Em seguida, recoloque o dinheiro no quadro. Ele altera a maneira pela qual você encara seu trabalho e o valor de seu empenho e contribuição? O valor em reais atribuído ao seu trabalho faz você se sentir mais ou menos importante como pessoa? Como ele influencia o modo como você vê os outros - um faxineiro, um executivo de multinacional, um médico, uma dona de casa?
"Como seu trabalho reflete seus valores mais profundos e seus mais elevados compromissos?", pergunta Lynne. "Quais aspectos de seu trabalho o satisfazem mais? Quais o deixam mais orgulhoso? Quais são os compromissos que você estabelece para manter esse emprego e fazer esse trabalho? Ele limita seu tempo para seus filhos e/ou seu cônjuge? E quanto ao tempo para nutrir a si mesmo? Ele dá suporte a um modo sadio de viver para você e para outras pessoas? Você evita pensar sobre as consequências do seu trabalho ou certos aspectos dele? Está comprometendo seus valores e integridade por conta do dinheiro?"
Ponto fundamental
Localize as divergências entre a maneira pela qual você gostaria de se sentir sobre seu trabalho e como se sente de fato. Como seria possível avaliar o valor real de seu trabalho? E quanto a aprimorá-lo, a melhorar seu desempenho ou o ambiente de trabalho? Certos aspectos de seu trabalho se chocam contra seus valores íntimos? O que você pretende fazer para mudar essa situação a partir de si mesmo? Ou prefere transferir-se para um trabalho mais afinado com seu espírito?
Despesas
Um exame atento do seu talão de cheques ou do extrato do seu cartão de crédito indica para onde você está destinando seu dinheiro -ou seja, suas prioridades na vida. O dinheiro pode estar custeando gastos essenciais, investimentos de longo prazo (a educação dos filhos, por exemplo) ou despesas supérfluas, como carros luxuosos ou jantares caros. Esse perfil pode às vezes estar em sintonia com o que você pensa de si próprio, às vezes não.
A suficiência propicia uma forma natural, saudável e autêntica de encarar o fluxo do dinheiro. Não importa o valor despendido, lembra Lynne, ele sempre pode ser destinado ao bem, a pessoas, organizações e projetos sintonizados como nossos mais elevados ideais.
"Seus investimentos e gastos representam um apoio ao mundo da maneira como você gostaria que ele fosse? Como uma mudança no fluxo de dinheiro em sua vida afeta como você se sente e como se sente em relação a outros? Como isso se compara à maneira pela qual seus pais e sua família reagiram a mudanças do destino quando você estava crescendo?

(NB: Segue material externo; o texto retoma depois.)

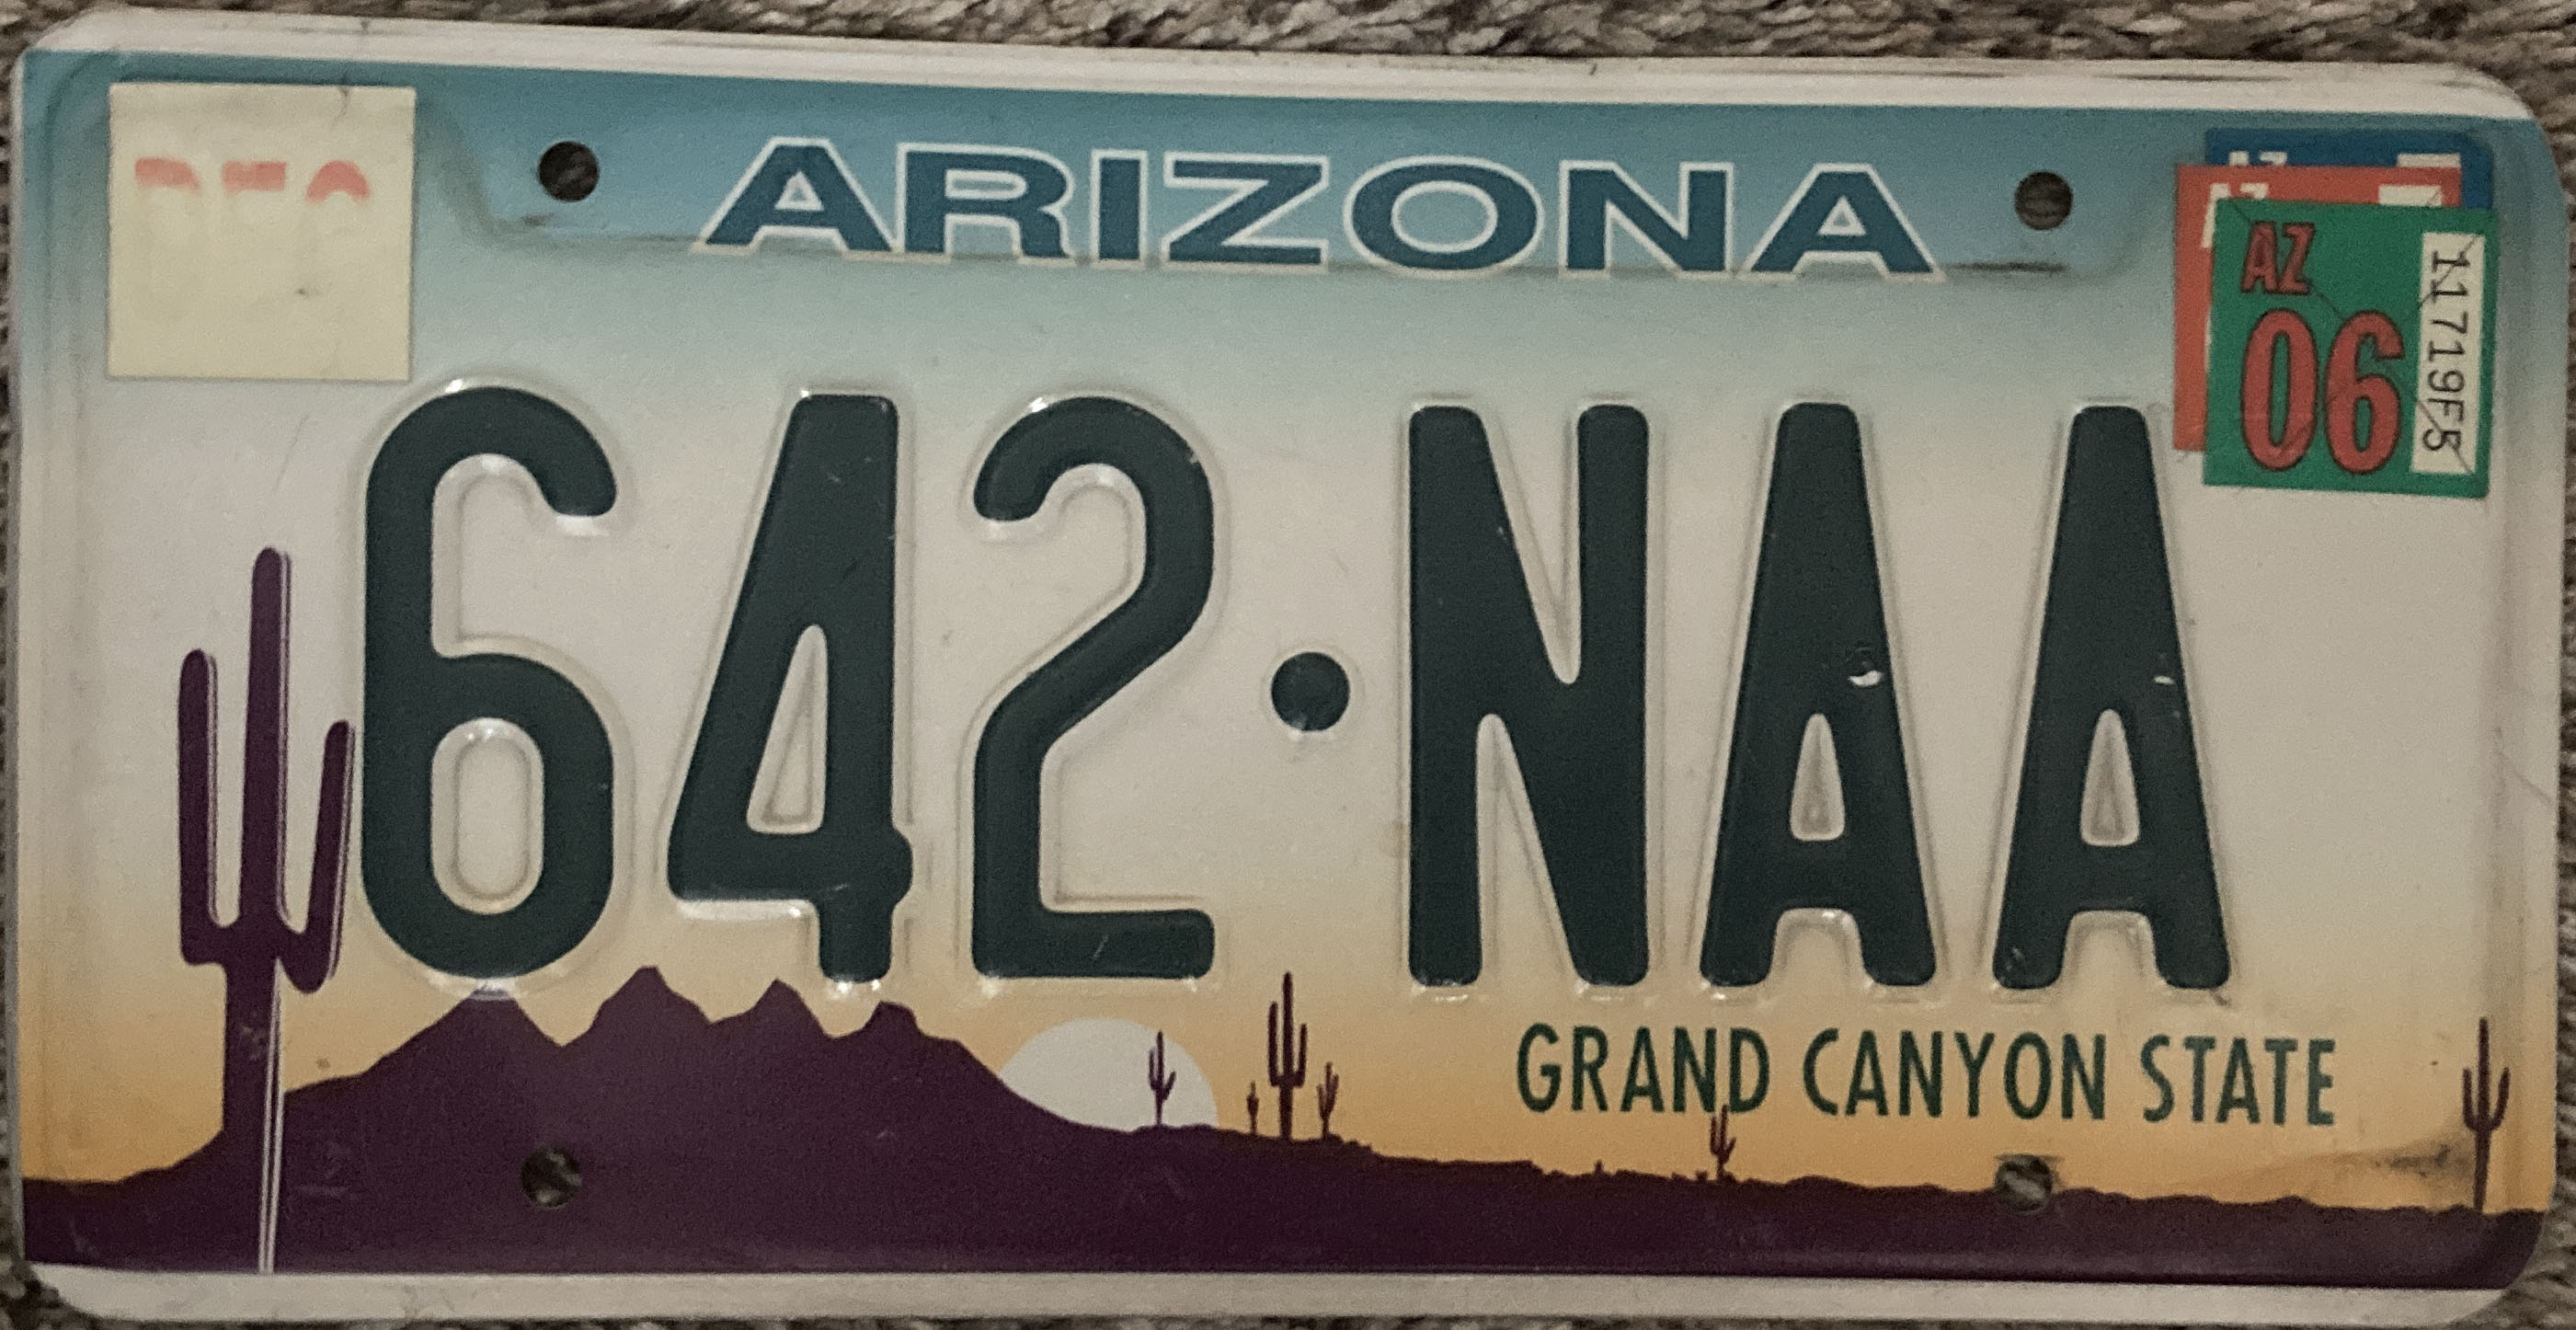 1997 Arizona US Plate

Que experiência você deseja criar para as pessoas ao seu redor? Seus filhos? Seus amigos ou colegas?"
Ponto fundamental
Se a forma como você gasta ou investe o dinheiro não está de acordo com seus valores e compromissos mais íntimos, vale a pena reavaliar como o dinheiro flui para dentro e para fora da sua vida, quais são seus sentimentos a esse respeito e para onde você deseja direcionar essas quantias.
Doações
Qualquer gesto de generosidade se encaixa na definição de filantropia. Portanto, não há limites para sermos filantropos. Ao doarmos dinheiro, afirma Lynne, nós o usamos como um transportador, como energia e como uma moeda para o amor, o compromisso e o serviço.
De alguns anos para cá, muitas organizações brasileiras sem fins lucrativos passaram a usar o telemarketing para buscar doações. Como você se sente ao receber um desses telefonemas? Pensa nas entidades como dependentes necessitados e tem ojeriza dessas ligações? Sente-se com raiva ao doar ou culpado por não doar? E como se sentiria se visse essas organizações como "empreendimentos com fins sociais lucrativos", que trazem benefícios a todos?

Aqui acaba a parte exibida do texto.